**TRY IT:** Everything from the line holding "miners. YOUTH T-Shirt" to the last line of the material below must be retyped exactly, minus any pictures.

**DATA:**

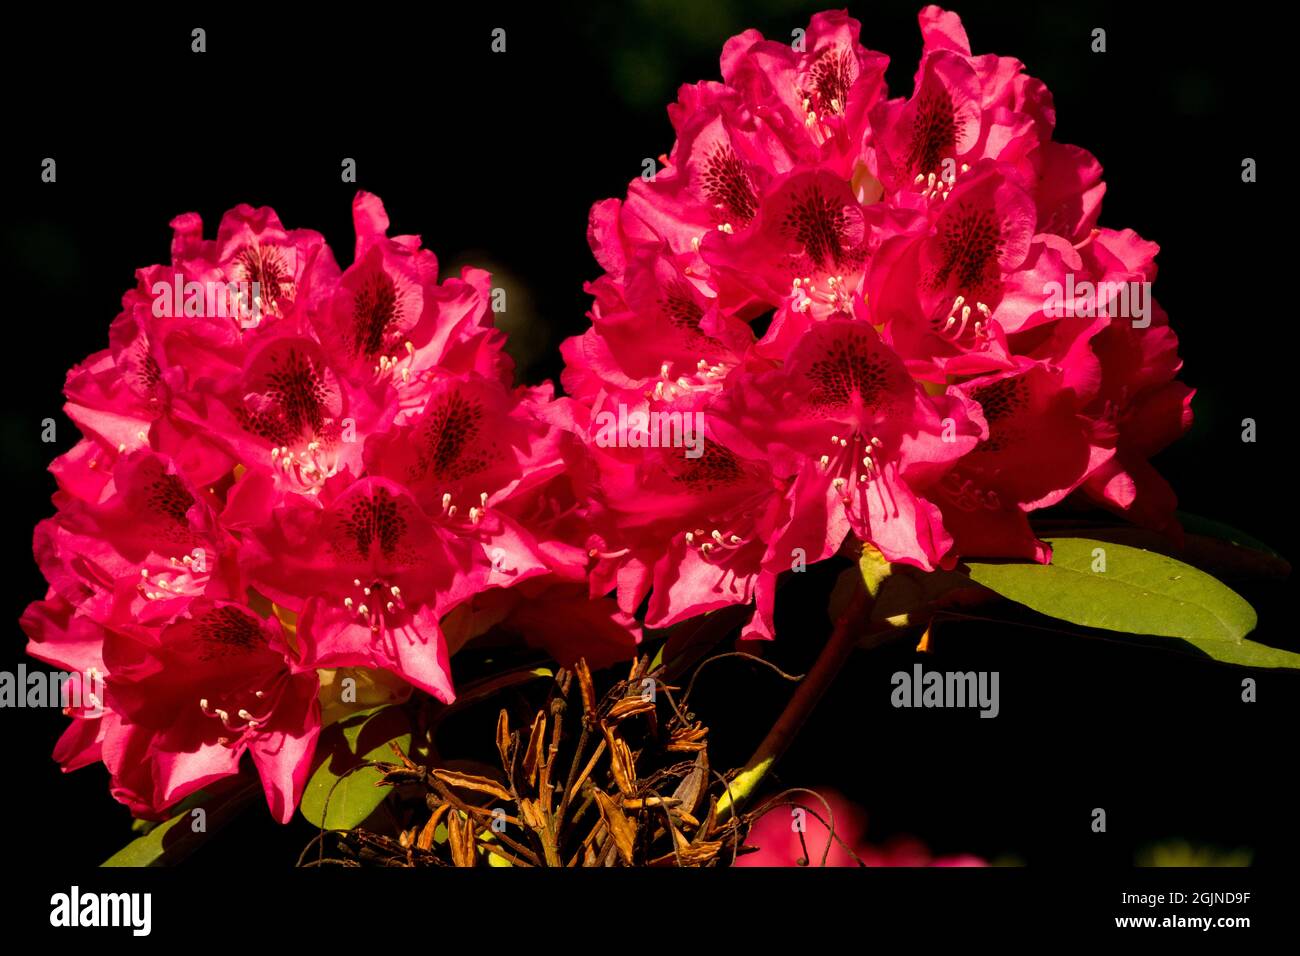 Red Rhododendron blooms 'Lady Clairmont' large blooms Stock Photo
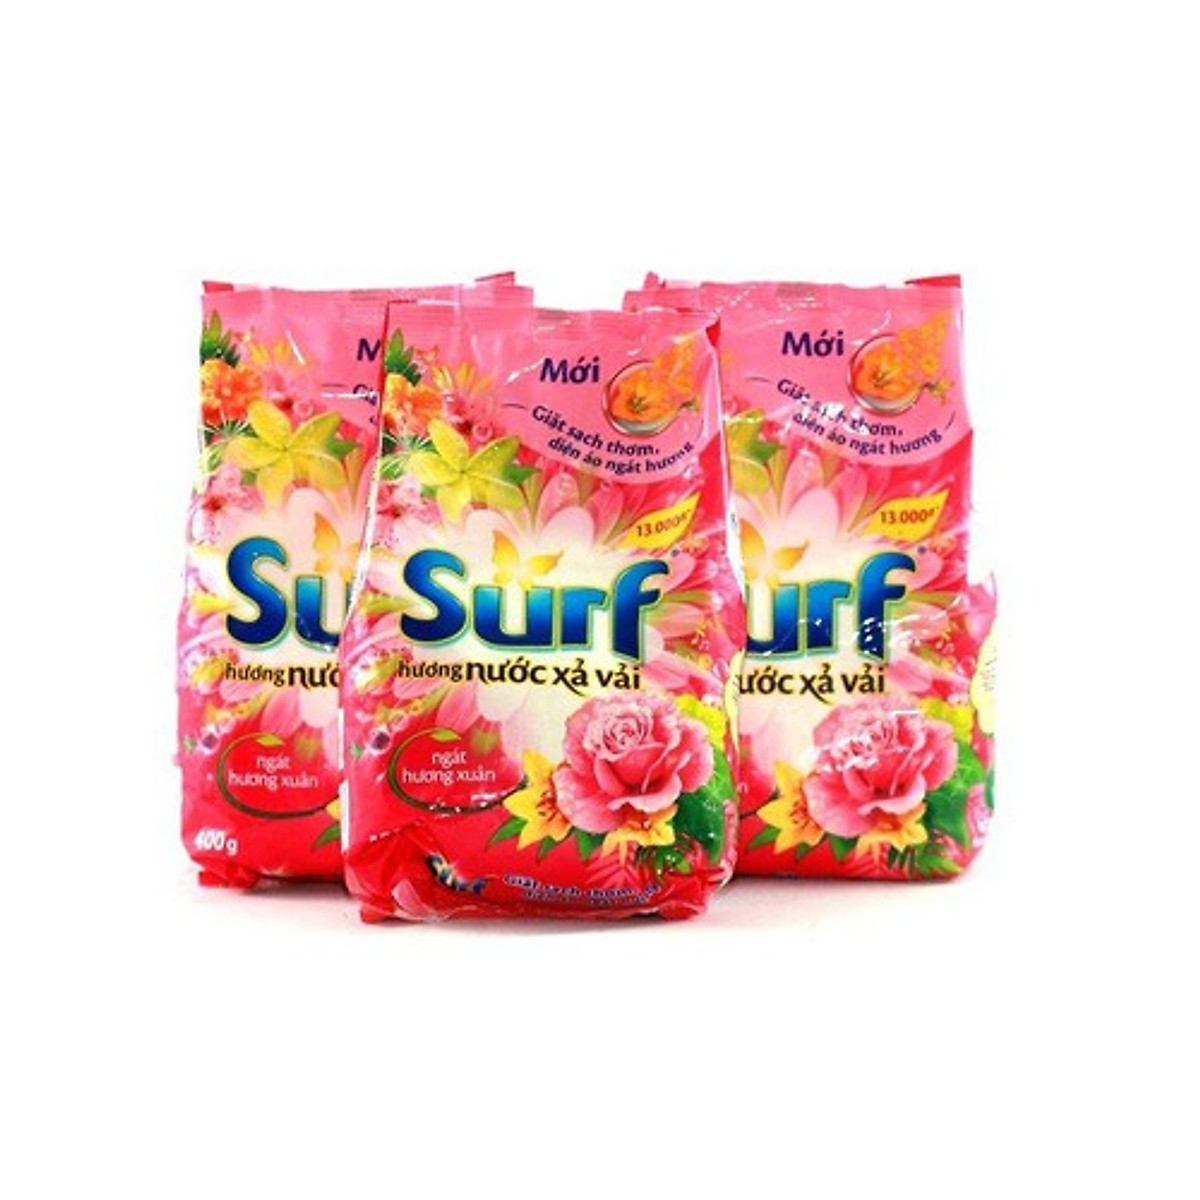 Surf Sping Guide 400G
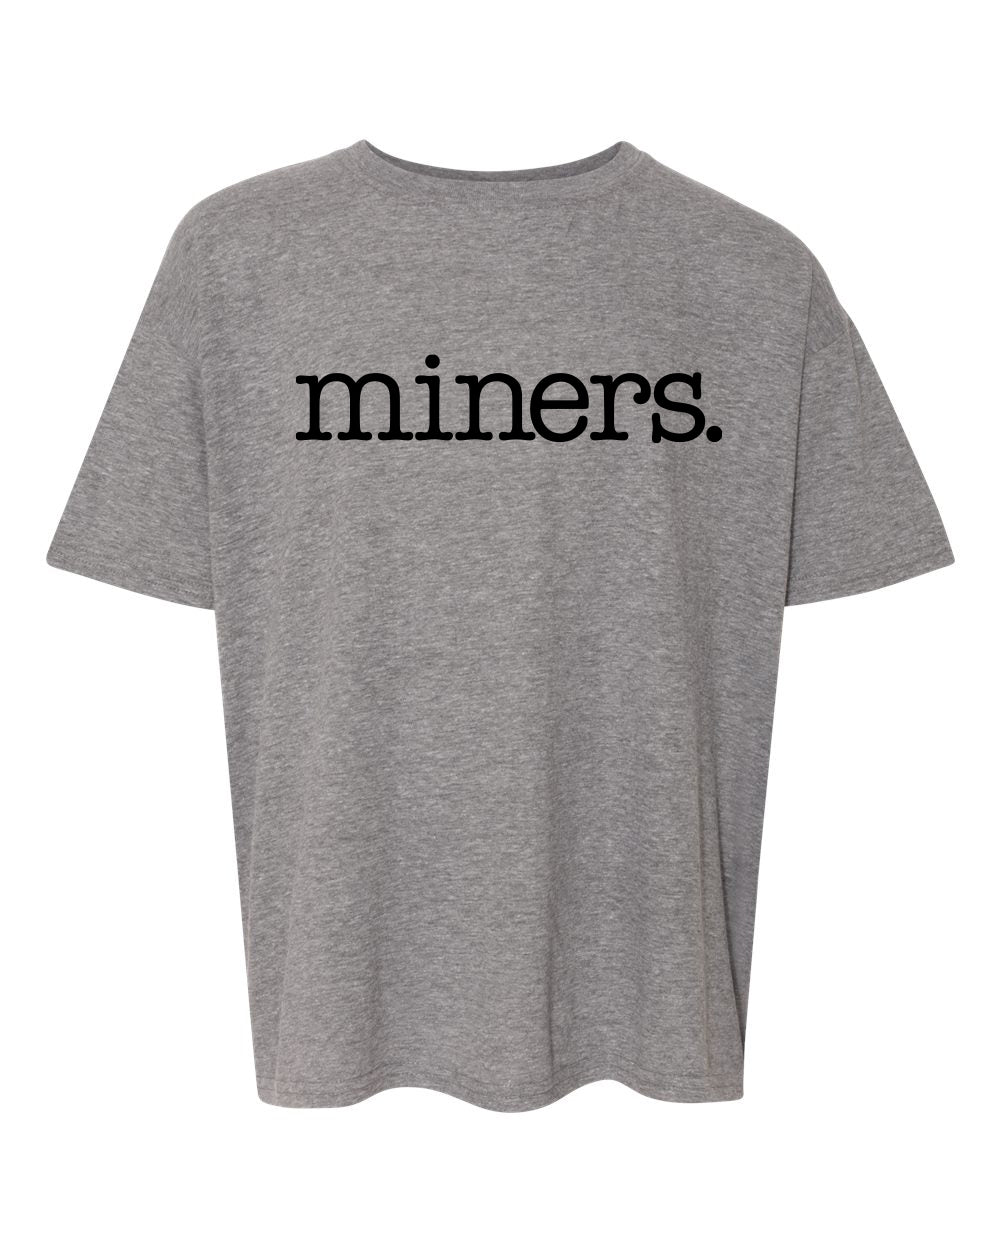 miners. YOUTH T-Shirt
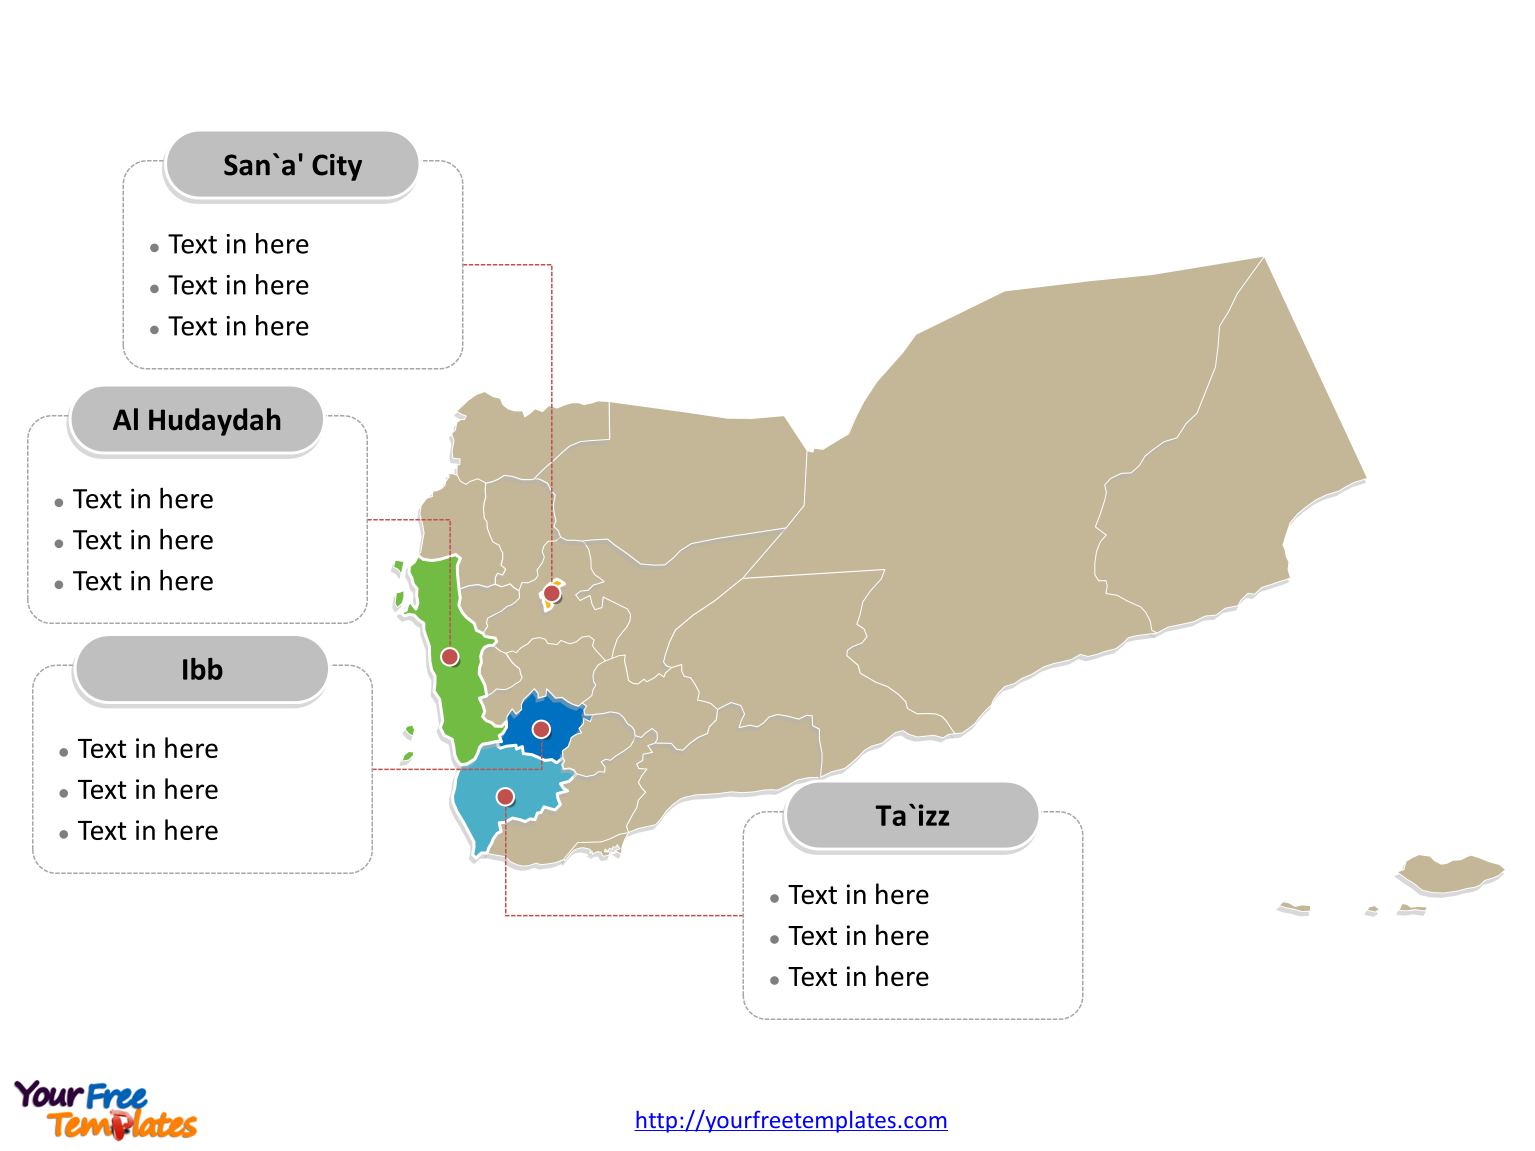 Yemen Political map labeled with major governorates

**YOUR SOLUTION:**
 miners. YOUTH T-Shirt
 Yemen Political map labeled with major governorates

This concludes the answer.